The Canadian dollar is currently stronger than it has been in recent years. Canadian ice wine and maple syrup will cost more than in the past.
NEFCU celebrates 50 yearsBy Luke Baynes
A lot can change in 50 years.
In 1961, a year when gas prices averaged 31 cents per gallon and the average cost of a new home was $17,724, the newly founded IBM Employees Credit Union in Essex had 473 members and $2,298 in assets.
On May 25, when the renamed and community chartered New England Federal Credit Union celebrated its 50th anniversary with an open house at its main branch in Williston, it had more than 79,000 members and over $823 million in assets.
What began with seven IBM employees is now the largest credit union in Vermont. The credit union still has a branch at IBM but also has five others — Williston, Essex, South Burlington, Fletcher Allen Health Care in Burlington, and St. Albans.
President and CEO John Dwyer and Chief Financial Officer Susan Leonard said NEFCU’s success is due to its decision two decades ago to focus on the mortgage business at a time when many credit unions lacked the scale or expertise, plus the simple fact that they’re in business to serve their members.

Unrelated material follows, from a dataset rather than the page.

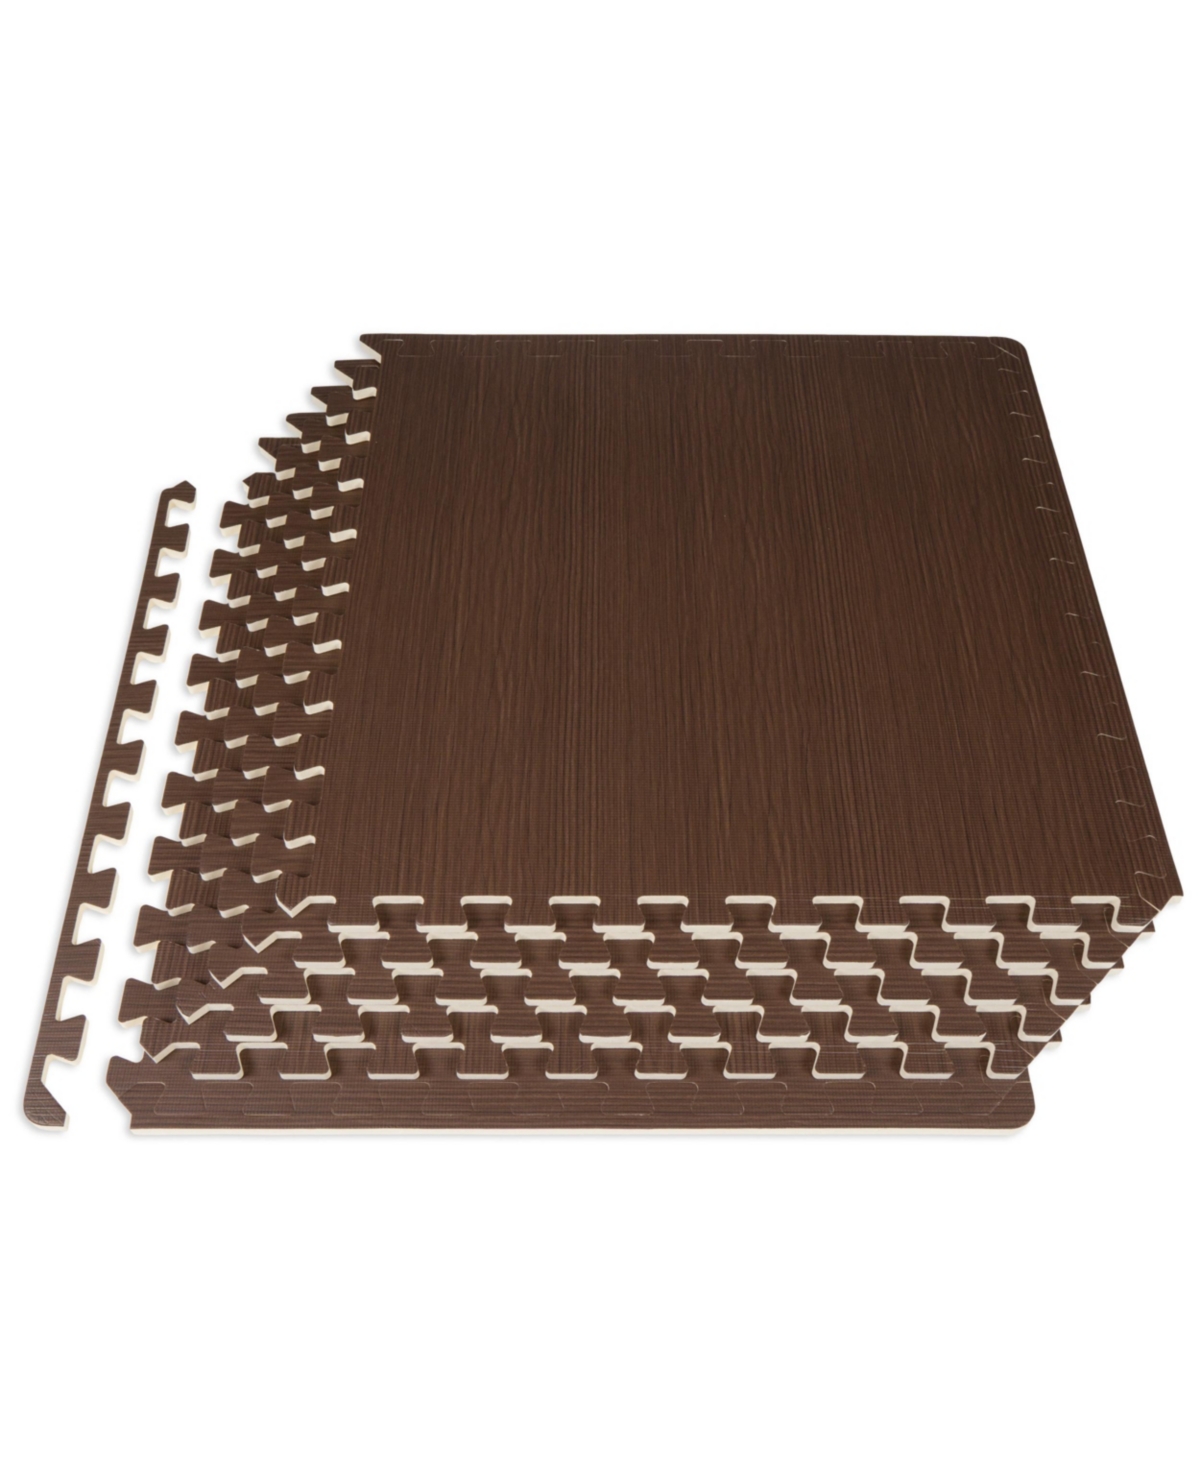 Wood Grain Puzzle Mat 1/2-in, 24 Sq Ft - 6 Tiles - Dark walnut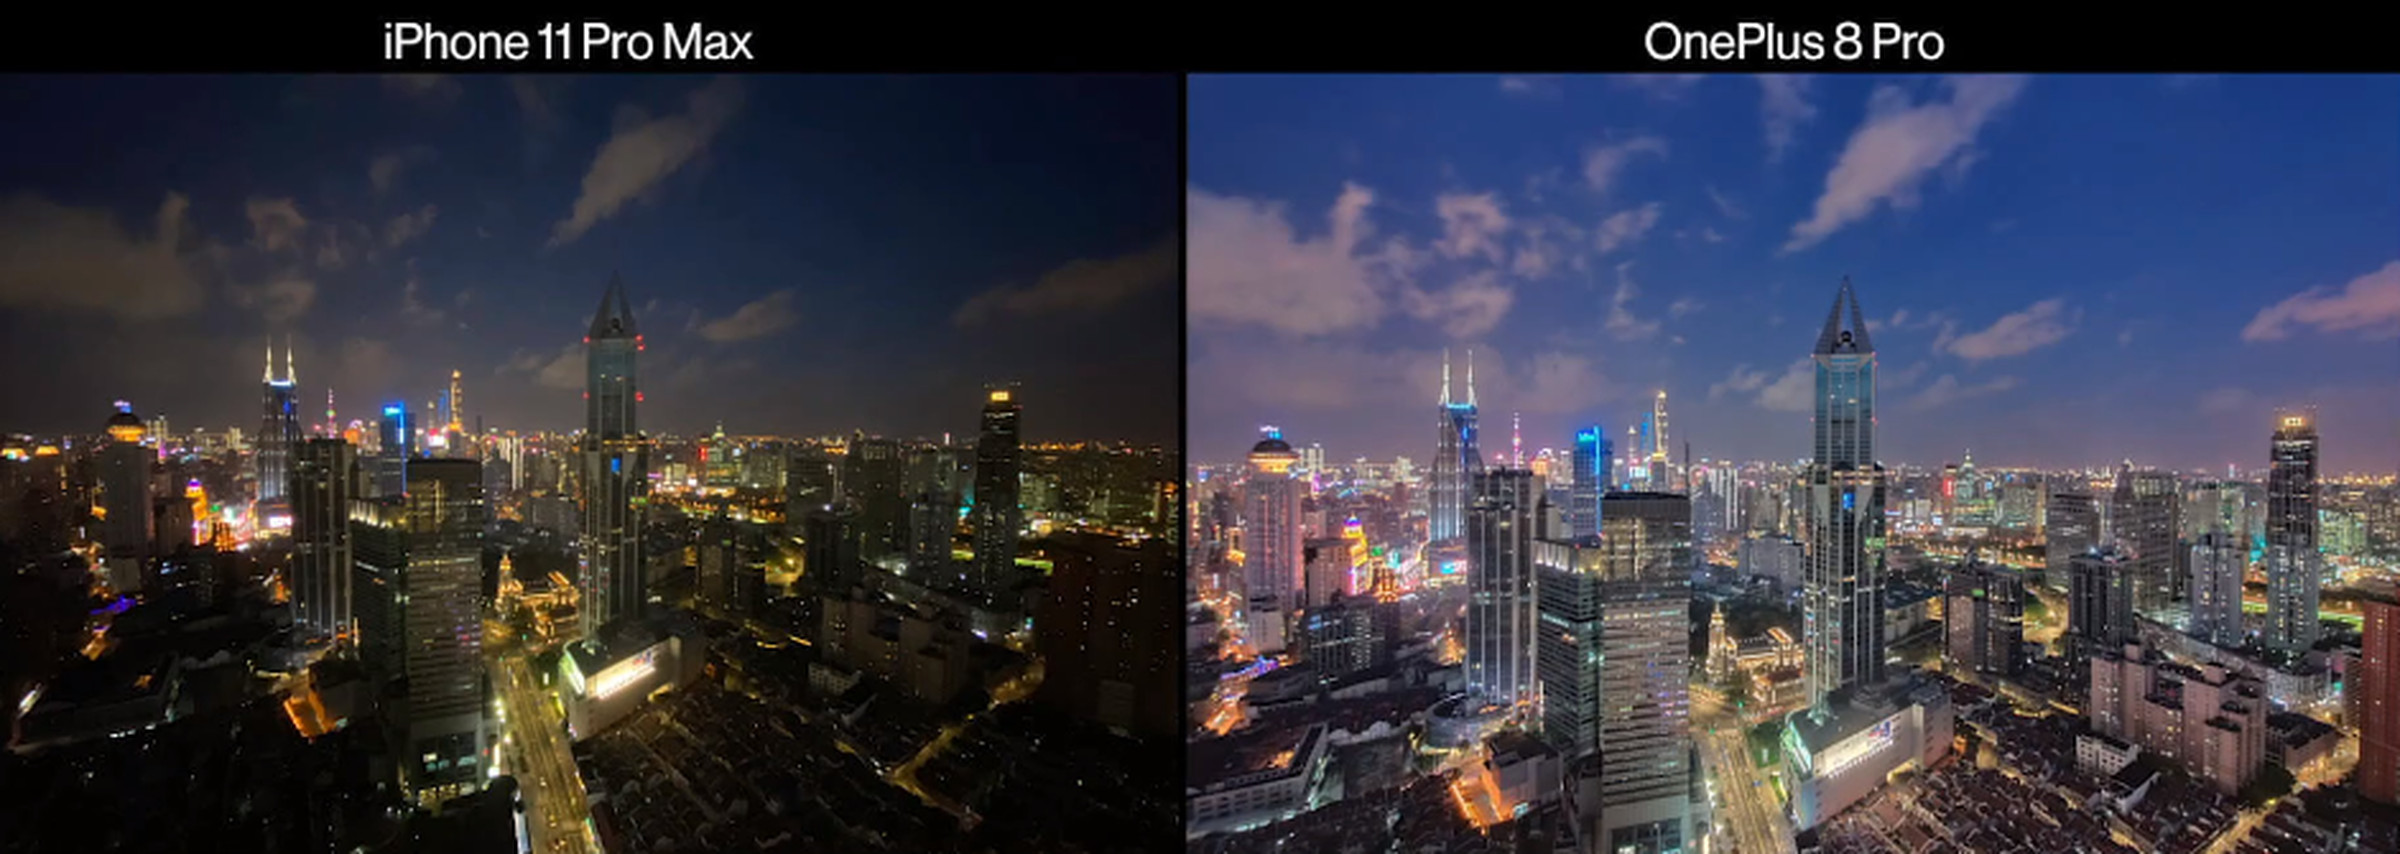 OnePlus’ image comparison.

“I think the goal for any credit union is to make sure that you return to members,” said Dwyer, who began with NEFCU 24 years ago and became CEO in January 2010. “We’re nonprofit. We do business for members, so we try to make sure we do value every day.”
With the banking industry still recovering from the subprime mortgage crisis that helped cause the worst recession since the Great Depression in the 1930s, one could hardly call these the salad days for mortgage lending. But Dwyer said NEFCU is in a stronger financial position now than before the subprime meltdown and that 2009 and 2010 were, respectively, NEFCU’s second- and third-best years ever for mortgage originations.
“Vermont has been fortunate that neither we nor any of the other local Vermont credit unions and banks originated the kind of loans that we all read about,” said Dwyer. “There has been some subprime lending in Vermont – primarily by people who aren’t here anymore.”
Leonard, who was promoted to CFO a decade into her 20-year career, agreed that NEFCU has made it to 50 because of its responsible lending practices, but said that responsibility starts with its members.
“Our members are responsible, and I think you can make the case that Vermonters in general are fiscally responsible,” Leonard said. “We really take our responsibility in that relationship very seriously and make sure that members are getting into a mortgage that fits them.”
Another thing NEFCU takes seriously is charitable work and its status as a good corporate citizen.
“Not only have we grown from an asset standpoint, but we’ve grown in our awareness that we need to participate more (in the community),” Dwyer said.
Some of the ways NEFCU gives back to the community are by hosting seminars that teach young adults about the importance of managing credit cards responsibly, having annual “Blankets of Hope” drives to provide warmth to the needy, and its participation in the “Big Change Roundup,” which raised $18,683 to benefit Vermont Children’s Hospital last year.
Looking back at the past two decades, Leonard spoke with pride about her company’s ascension to a prominent place in the local community, and its contribution to Vermont’s growth as a whole.
“Over the past 20 years we’ve had such incredible growth and change, especially in Chittenden County,” Leonard said. “We’re all proud that we’ve been able to be a part of that growth and that success.”
Dwyer echoed her comments, praising both his employees and his company’s member base.
“When you reach this kind of milestone, it’s nice to have capacity, it’s nice to have the 170 talented people we have working here, it’s great to have 79,000 members and it’s about focusing to make sure that what we return to the member is something they value,” said Dwyer. “We work hard every day to make sure we’ll be here another 50 years.”